REACTION TO HUNGARY LIMITED
Other currencies in central Europe weakened less, with the
zloty <EURPLN=> down 0.5 percent at 4.001 against the euro.
"In my view, the zloty will remain within a range of
3.98-4.0 for now," one Warsaw-based dealer said.
Although investors are also scrutinising Poland's fiscal
policy, its debt and finances are in a better shape than
Hungary's and the Polish economy is expected to grow robustly
while Hungary's economic recovery remains sluggish.
Polish government bonds did not follow the fall of Hungarian
debt and 10-year bonds even firmed, with their yields dropping
to 5.91 percent from 5.94 percent.
A top aide to the prime minister said Poland's planned
pension reform will avoid the radical overhaul which has
unsettled investors in Hungary. []
The leu <EURRON=> and the crown <EURCZK=> both shed 0.1
percent, to 4.309 and 24.988, respectively.
"The crown <EURCZK=> stays around its fundamental level of
25.00 per euro.
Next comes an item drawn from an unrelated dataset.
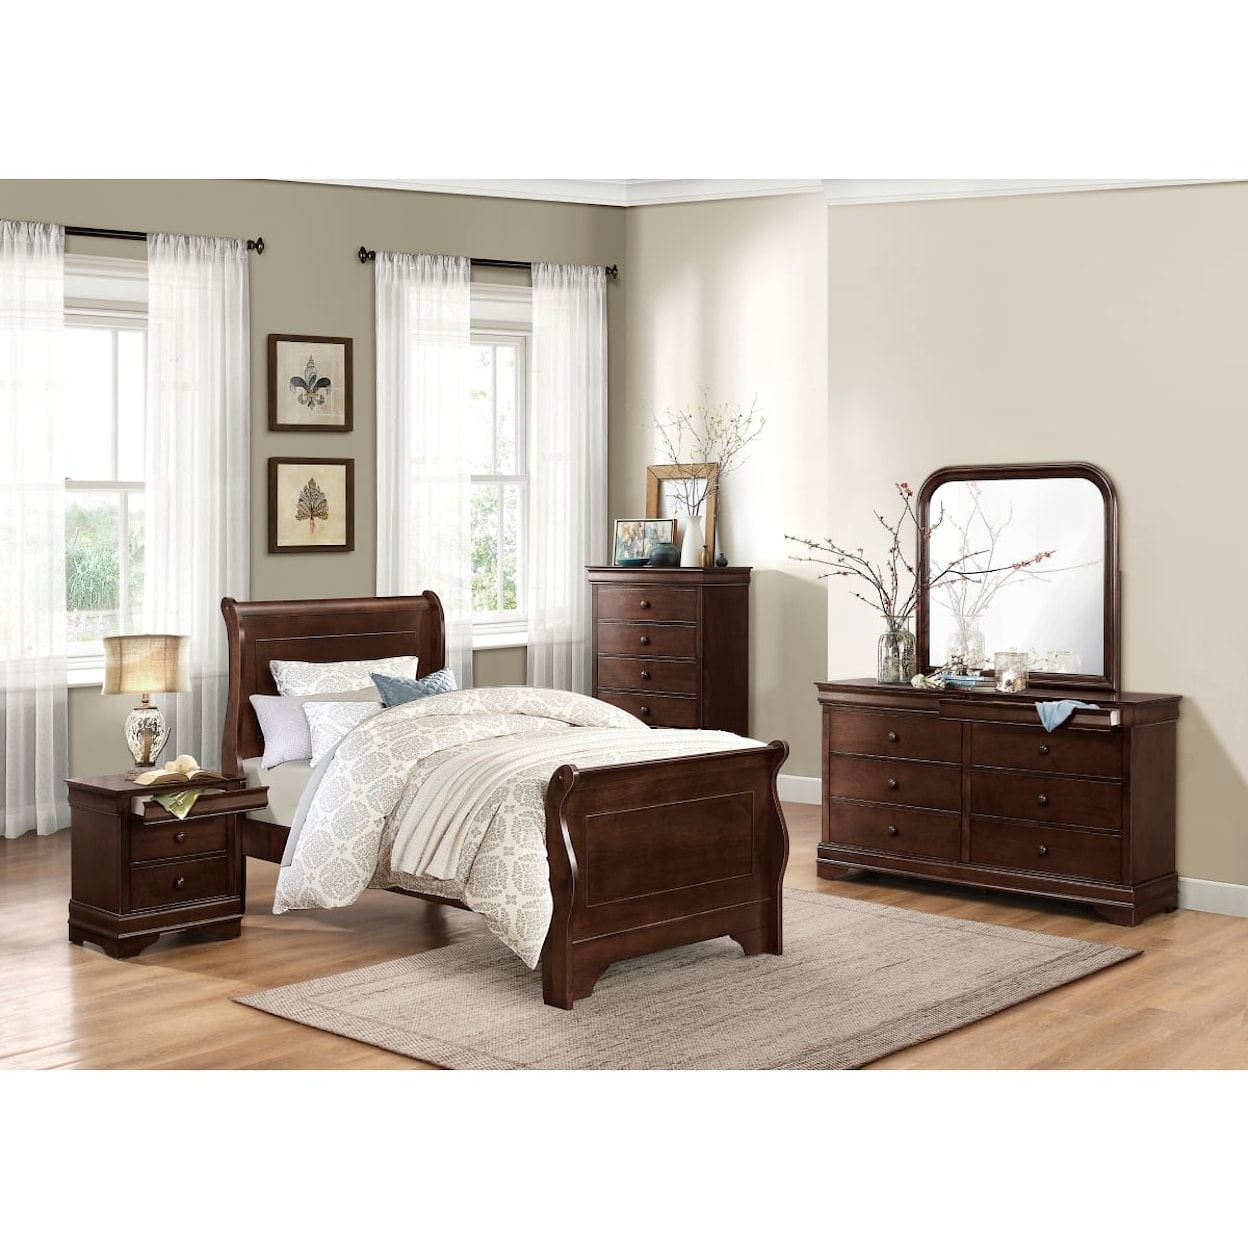 Homelegance Abbeville Twin Bed

If the situation in the south of the euro zone
calms down further, I would expect a return to 24.7," Ceska
Sporitelna said in a note.
Data showed on Monday Czech wages were broadly stagnant in
the third quarter. []
Prime Minister Petr Necas said over the weekend costs of
keeping the crown currency were lower than those of adopting the
euro and "it will remain like that for a very long time."
Dealers in Bucharest said the market impact of the ratings
downgrade would likely remain confined to Hungary.
"It remains to be seen what the forint will do. It all
depends on the EU periphery. If Europe recovers then the forint
will overcome the downgrade," a currency trader said. "I don't
see contagion in the region following the downgrade."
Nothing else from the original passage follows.